Methane is emitted during the production and transport of fossil fuels and in agriculture through livestock like cattle and sheep. 

The most recent report from the Intergovernmental Panel on Climate Change (IPCC) outlined that rapid changes in emissions like methane can result in “rapid climate effects”. 

Reducing methane emissions can both reduce warming effects and adverse effects on air quality, IPCC documents outline

Challenges ahead 

John Spink, head of the crops, environment and land use programme at Teagasc, said cutting emissions is a “big challenge” for the agricultural sector.

“I think we have technologies under development or under testing that could go a long way towards that in terms of things like feed additives to reduce methane emissions from livestock,” Spink said, speaking to The Journal at the World Potato Congress in Dublin this week. 

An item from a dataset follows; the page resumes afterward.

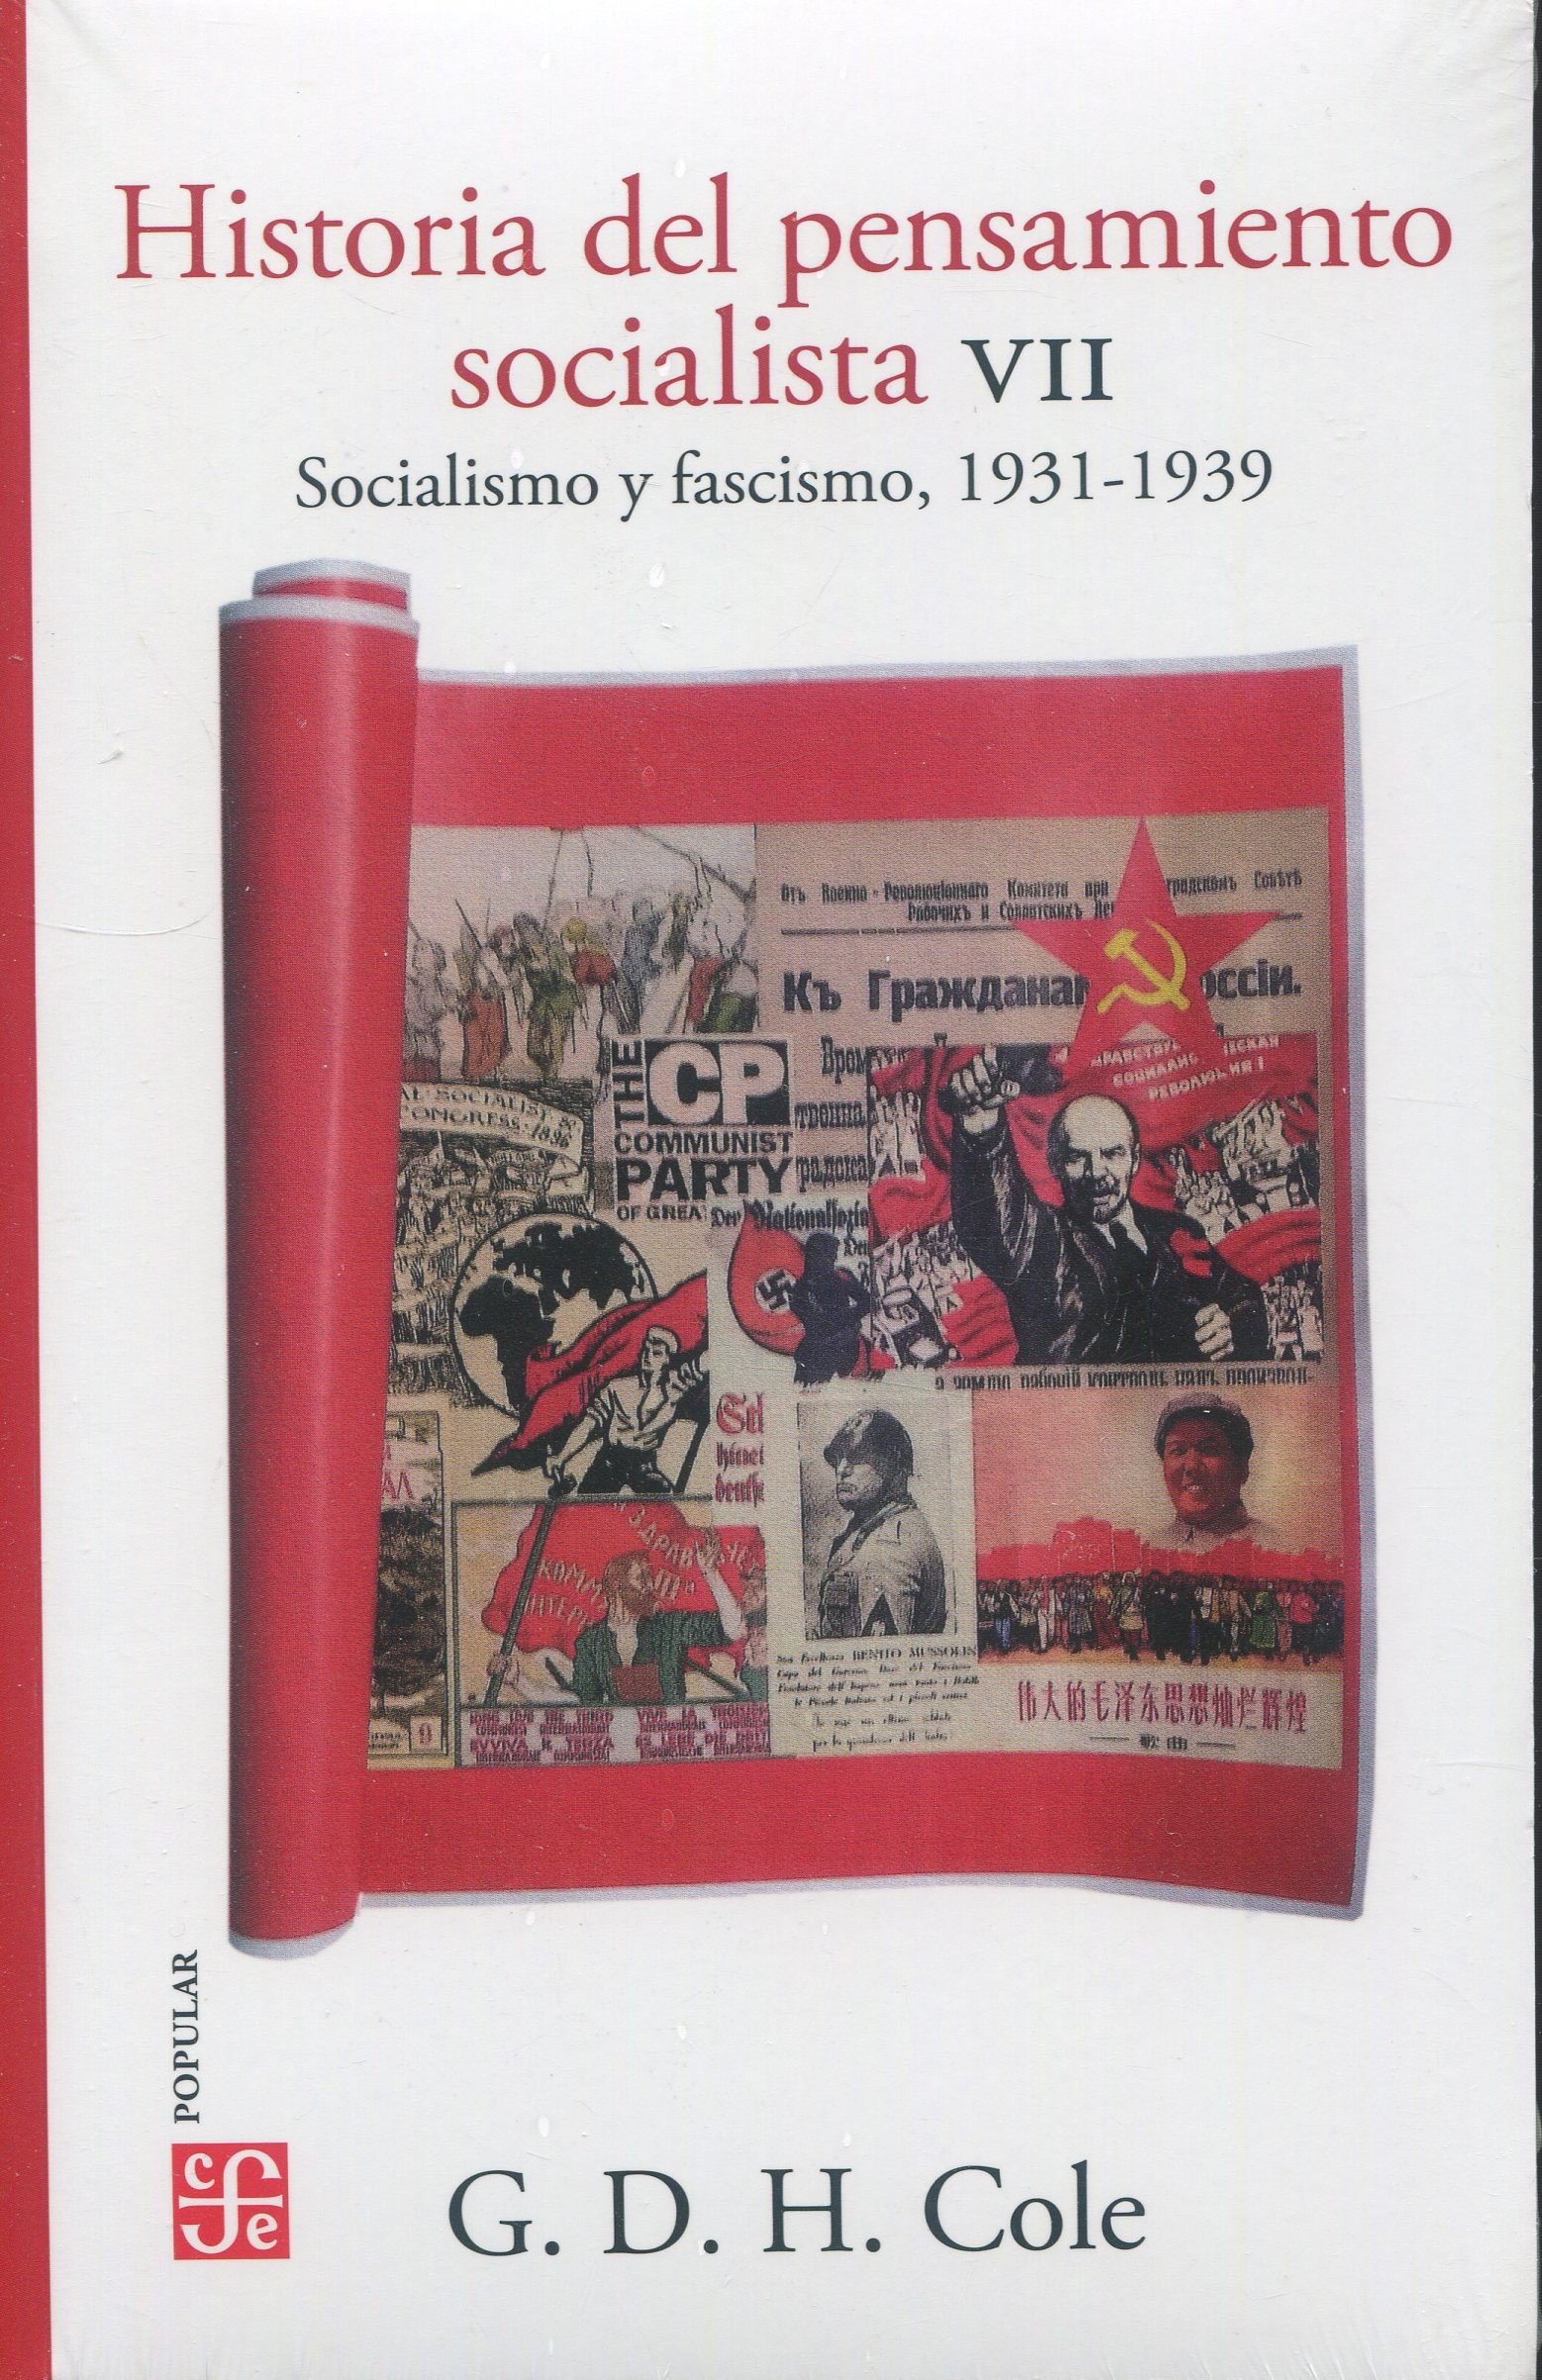 Historia del pensamiento socialista VII. Socialismo y fascismo 1931-1939

“It’s relatively easy to say to change things in relation to energy, because you have one or two energy suppliers. It’s much harder to change things when you’ve got a very disparate industry.”

Farmers have always been good at responding to policy direction, according to editor of the Irish Farmers Journal Justin McCarthy.

“I’m not here to try and say that we don’t need to reduce the environmental footprint of food production, but we need a just transition,” he said earlier this week on RTÉ radio’s Today with Claire Byrne

“And we need to be real on the impact of this on the 135,000 farm families across rural Ireland.” 

Also speaking on this programme, Director of Friends of the Earth Ireland Oisín Coghlan said years of inaction on climate change has put all sectors in a difficult position. 

“We’re now trying to do in 10 years what we could have spent 10, 20 or 30 years doing,” he said.

“There’s no point pretending otherwise – this is going to be disruptive.

We’ve left it so long that the choice is not now between total smoothness and a bit of disruption. It’s between disruption now to make the changes we need, or destruction later on from climate change.